After the events of that week, I’d found it impossible to face Gareth and Anne again. Even though what happened wasn’t his fault, I’d decided that I was better off keeping out of their way, for fear that we’d descend into an almighty slanging match (or worse).
When I saw him standing next to me at the bar, I didn’t know what to expect. It was a classic awkward moment, of the sort you see in films and soaps. However, we greeted each other cordially and started chatting as though the intervening thirteen years had never taken place. After a couple of minutes, Gareth told me that he was back was because Anne had passed away in Australia. I was shocked. She was quite a bit older than him, but even so she must have been relatively young by modern standards. He didn’t go into details, I offered my condolences, and then we carried on chatting about nothing.
He called in for a pint again yesterday, and once again we lost ourselves in nostalgia about the good old days in Aberdare. In fact, Gareth had come to mind a few days ago, while I was listening to the BBC’s latest Radio 4 on Music podcast. It was a frank interview with Robert Wyatt, and at one point he mentioned that he only rated three British pop groups: The Beatles, The Kinks, and Madness. I remembered a trip to Cardiff with Gareth one day, years ago, when he bought a multi-CD compilation of Madness hits, b-sides, LP tracks and rarities. It crossed my mind then to wonder how he was.
[A digression: The trip in question was one of my semi-regular visits to the theatre. I’d roped Gareth in to see Yasmina Reza’s hilarious play Art in the New Theatre. We met up with Jo R. from work, and the three of us took in a Saturday matinee performance before going for a drink afterwards.
The play is a three-hander, and we saw a touring production with Nigel Havers, Barry Foster and Roger Lloyd Pack. It was an absolute joy to watch, but there’s a sad postscript to this little digression. A little while later, the same company took the play to the West End. I was listening to Steve Wright’s radio show one afternoon, and Nigel Havers was one of his studio guests, talking about the play. When the hourly news bulletin came on, one of the items was an announcement that Barry Foster had died.
Presumably Mr Havers, who must have still been in the BBC studios at the time, would have been unaware that he’d be taking the stage with an understudy that night. Roger Lloyd Pack died in January this year. Neither he nor Barry Foster were especially old. To think that two of the three people we saw on stage in Cardiff are no longer with us is rather depressing.]
Quite often in my life, if I think about someone I haven’t seen for a while, I bump into them a couple of days later. It still came as a shock to see Gareth, though, especially as he’d been in Australia for a long time. I’m pleased to say that we were able to resume our friendship pretty much where it had broken off, thirteen years earlier. Anne’s name didn’t come up at all yesterday, and – so far, anyway – Emma hasn’t been mentioned either. But I’d be lying if I said I haven’t thought about her since Gareth’s sudden reappearance. In fact, I don’t think a single day has passed since July 2001 without her coming to my mind for some reason or another.
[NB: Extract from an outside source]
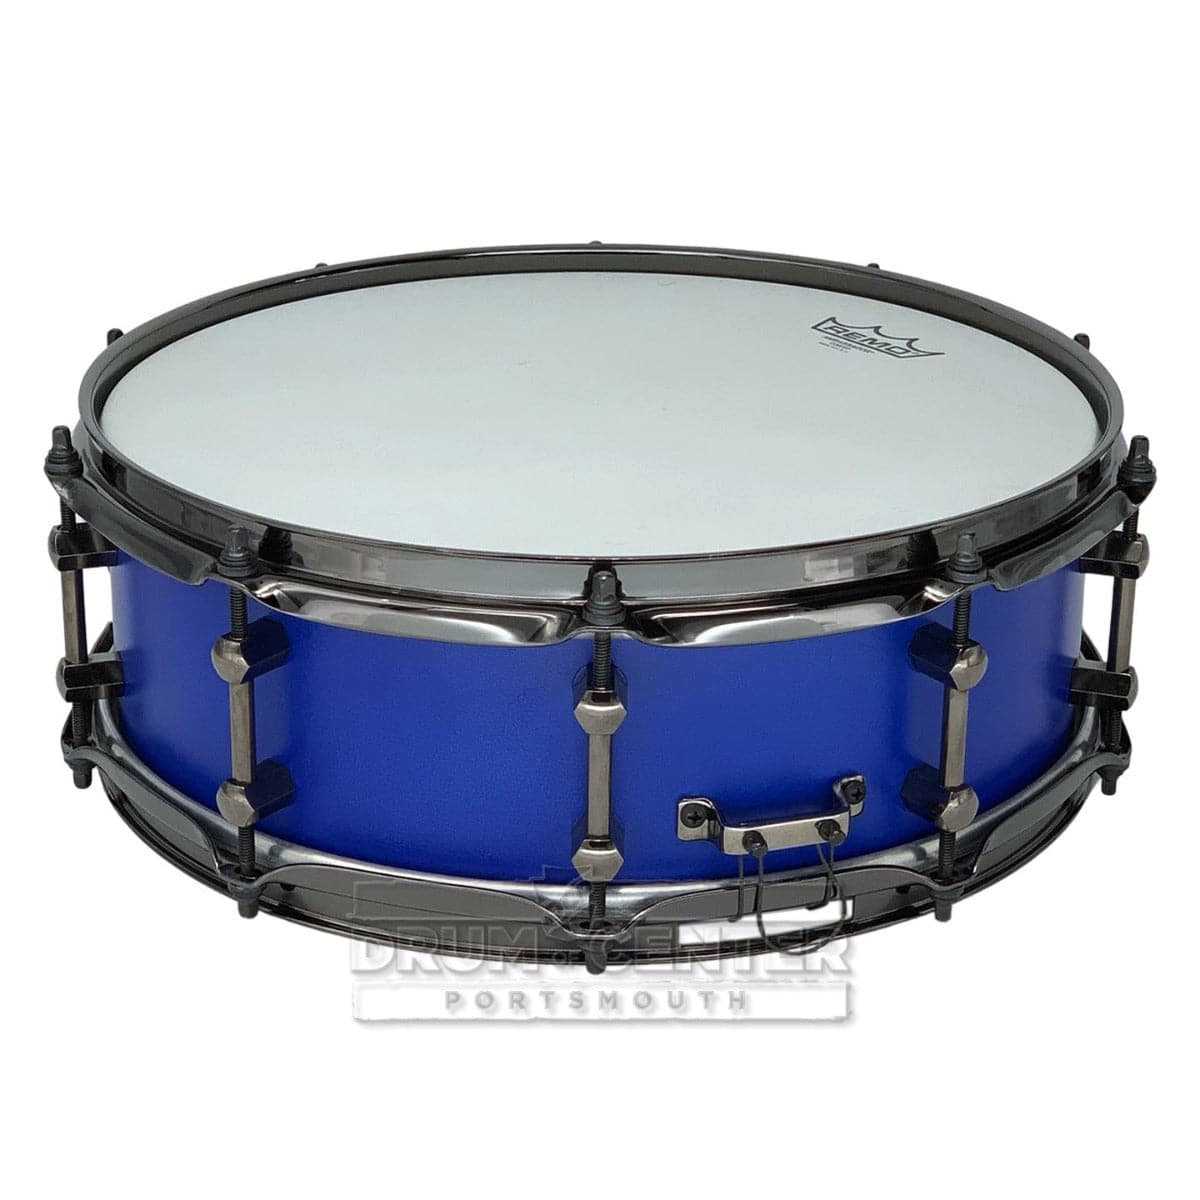 Noble & Cooley Alloy Classic Painted Snare Drum 14x4.75 Flat Royal Blue w/Black Hw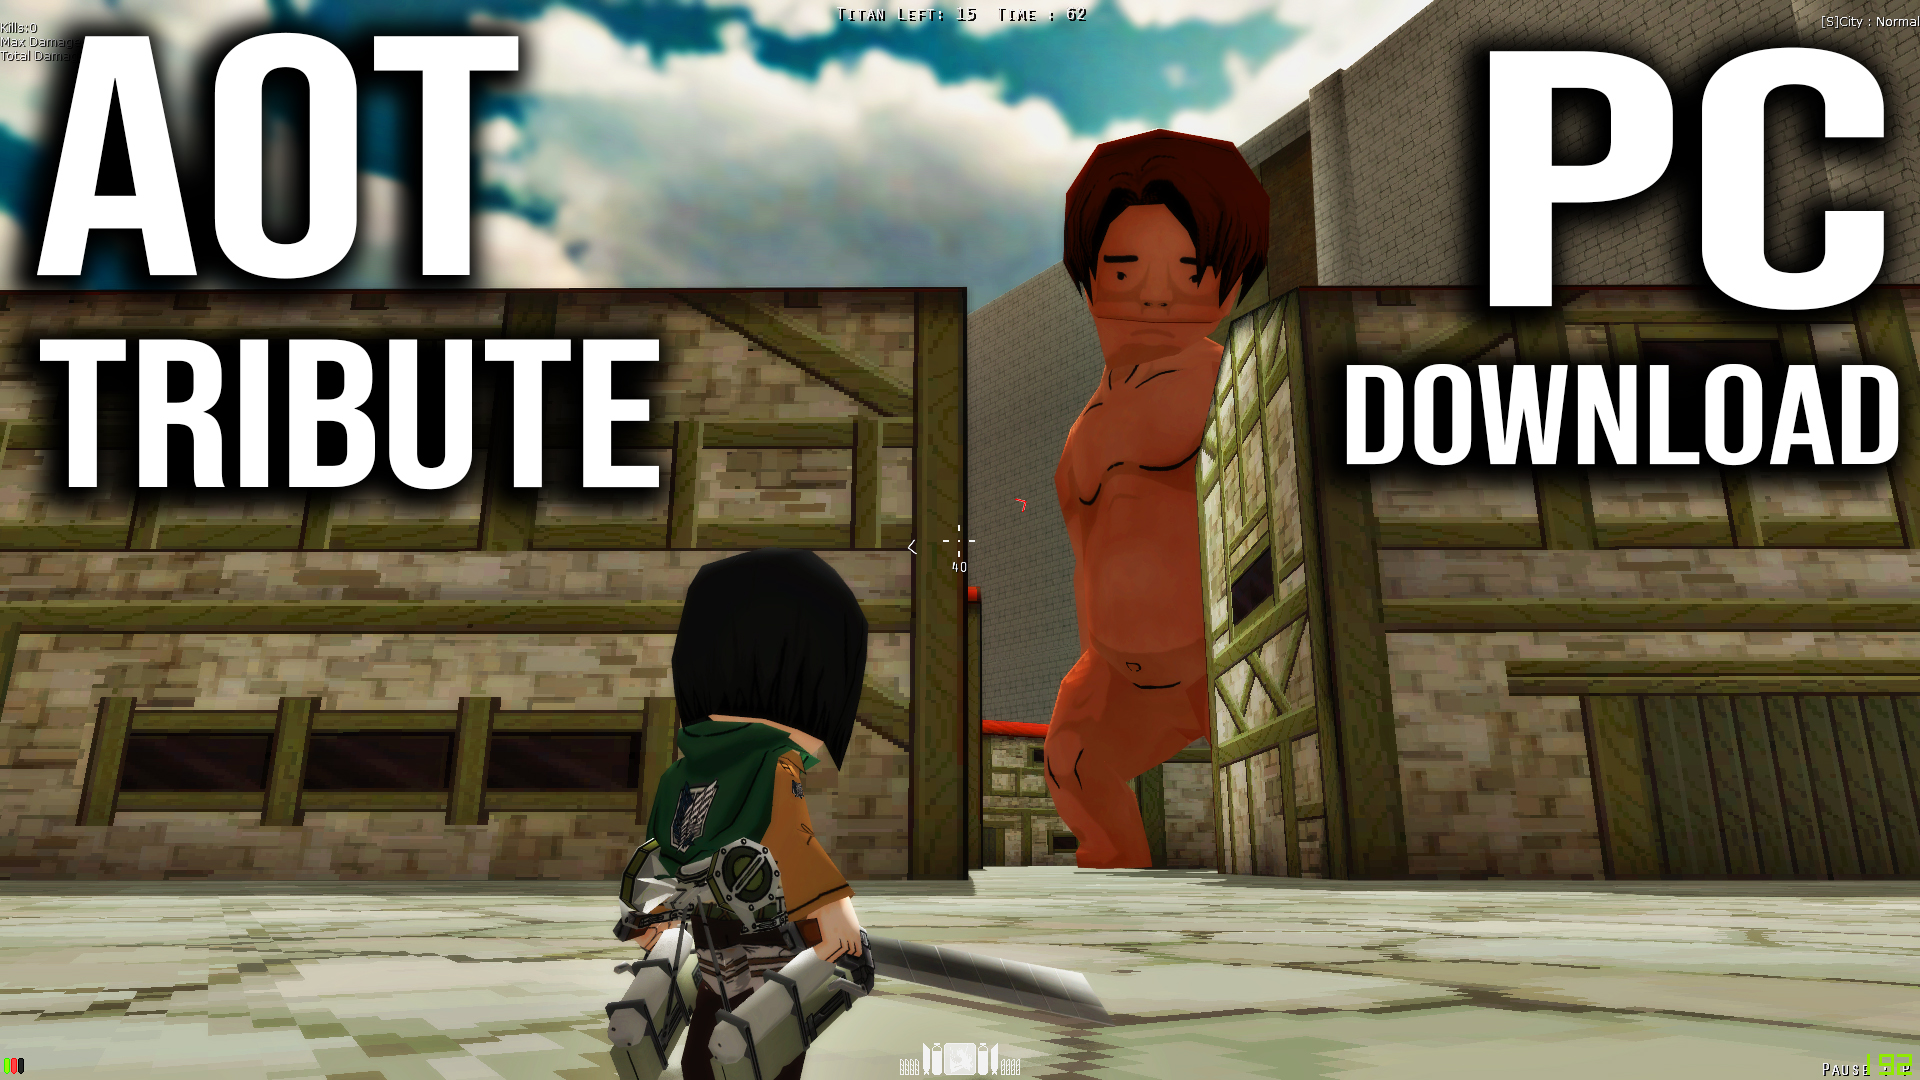 attack on titan tribute game free download

But what would the point of even asking about her? My life has changed drastically, and hers will undoubtedly have changed as well. She might be married with kids of her own by now. There’s no earthly possibility that the two of us would be able to pick up where we left off, as though nothing had happened since. So far, Gareth and I seem to have handled the seamless edit with considerable panache, but if Emma’s name does come up in conversation, I’m not sure I even want to know how she is any more. For the time being, though, it’s business as usual for the two of us, and that’s the way I’d like it to stay.